Dedication To Leigh Hunt, Esq.

Glory and loveliness have pass’d away;

For if we wander out in early morn,

No wreathed incense do we see upborne

Into the east, to meet the smiling day:

No crowd of nymphs soft voic’d and young, and gay,

In woven baskets bringing ears of corn,

Roses, and pinks, and violets, to adorn

The shrine of Flora in her early May.

But there are left delights as high as these,

And I shall ever bless my destiny,

That in a time, when under pleasant trees

Pan is no longer sought, I feel a free,

A leafy luxury, seeing I could please

With these poor offerings, a man like thee.

John Keats

This poem, as the title itself says, is a dedication yo Leigh Hunt, one of John Keats best friends, if not the best one of them.

The poem begins by saying: Glory and loveliness have pass’d away.

Glory and loveliness are positive things which had to do with Leigh Hunt but now they are gone.

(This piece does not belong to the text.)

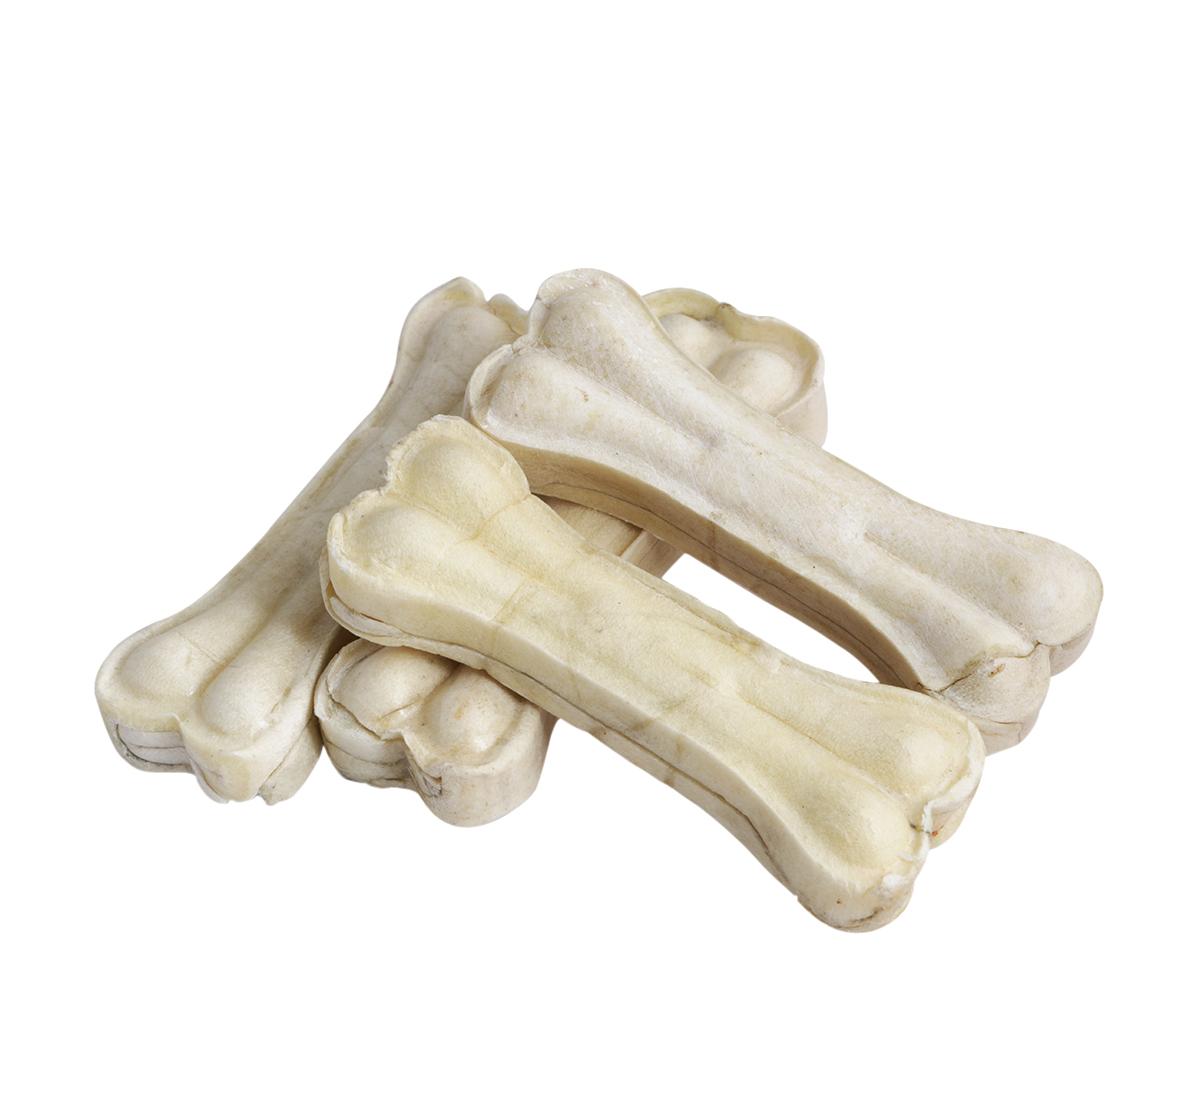 Pet en Care Rawhide Pressed Bone - 10.16 Cm - 4 Pcs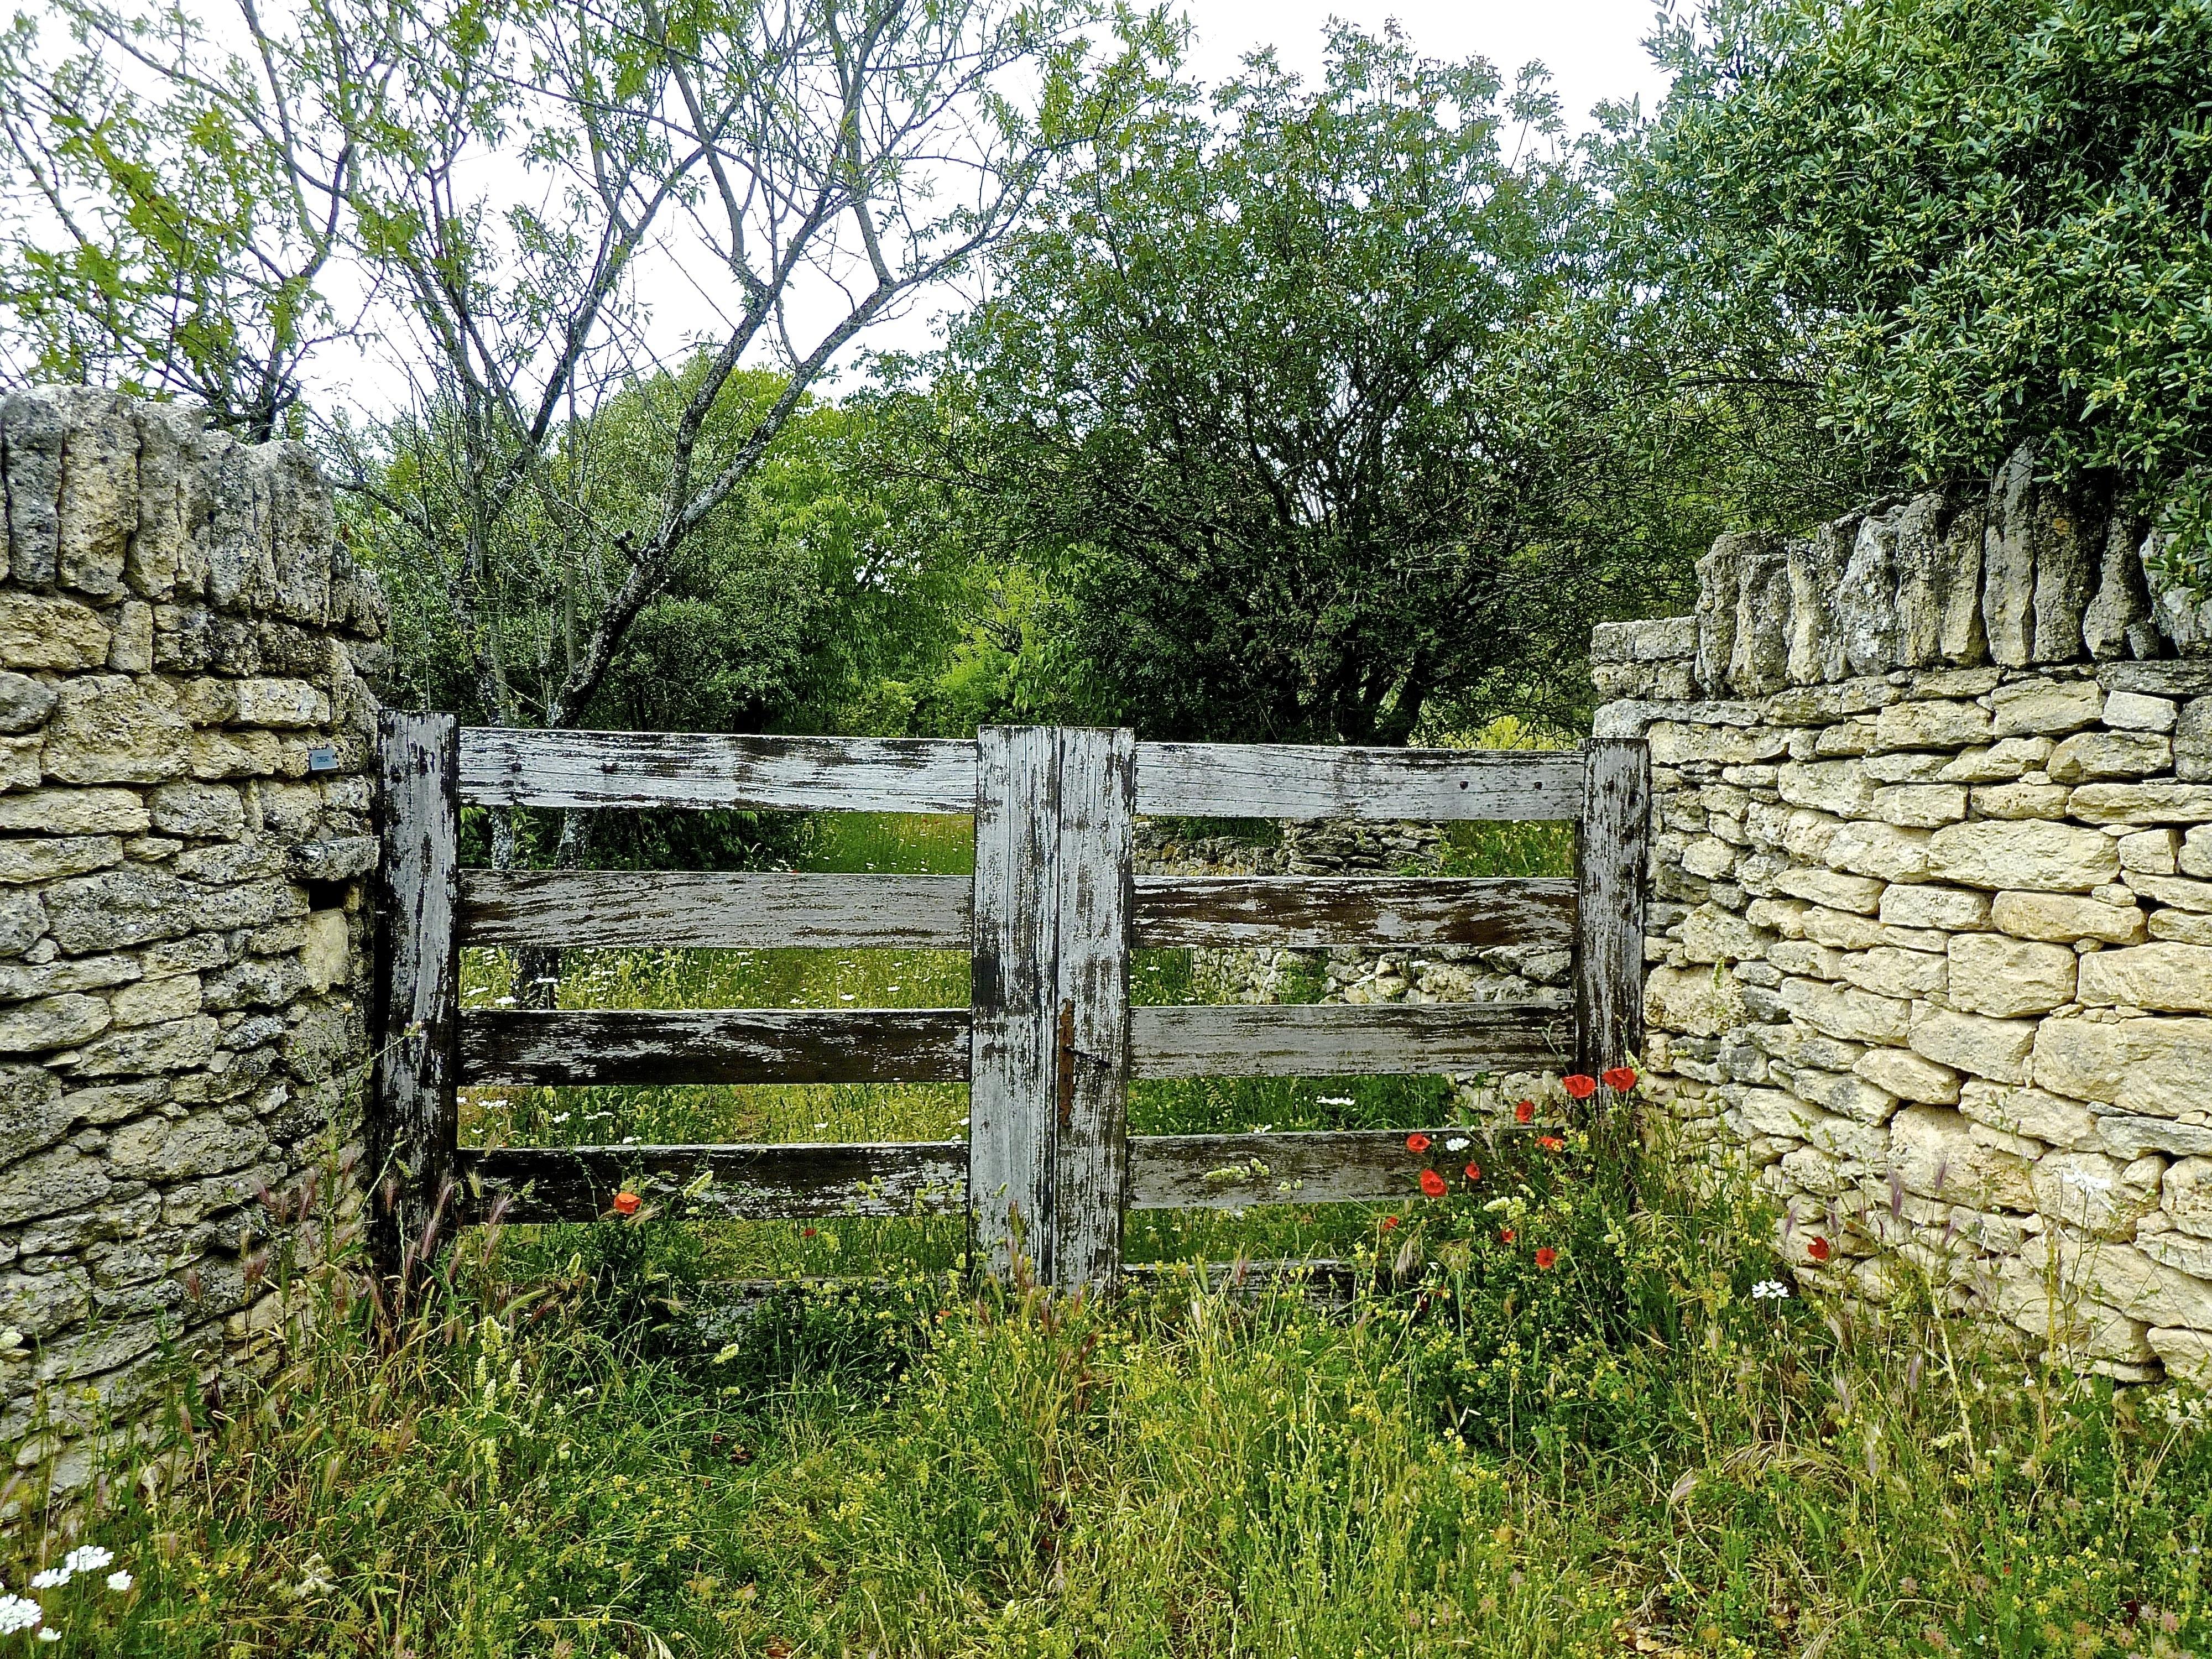 Fotos gratis : rock, cerca, césped, pared, Pasarela, verde, Entrada ...

By “early morn” John Keats means that he died very young too, as it happened to his wife.

Afterwards, there is a list of expresions used by Keats in order to explain how Heaven is like:

to meet the smiling day, rose, pink, violet, The shrine of Flora in her early May, delights, And I shall ever bless my destiny, a leafy luxury.

The poem ends up saying that all these luxuries are poor offerings for a man like him: Leigh Hunt.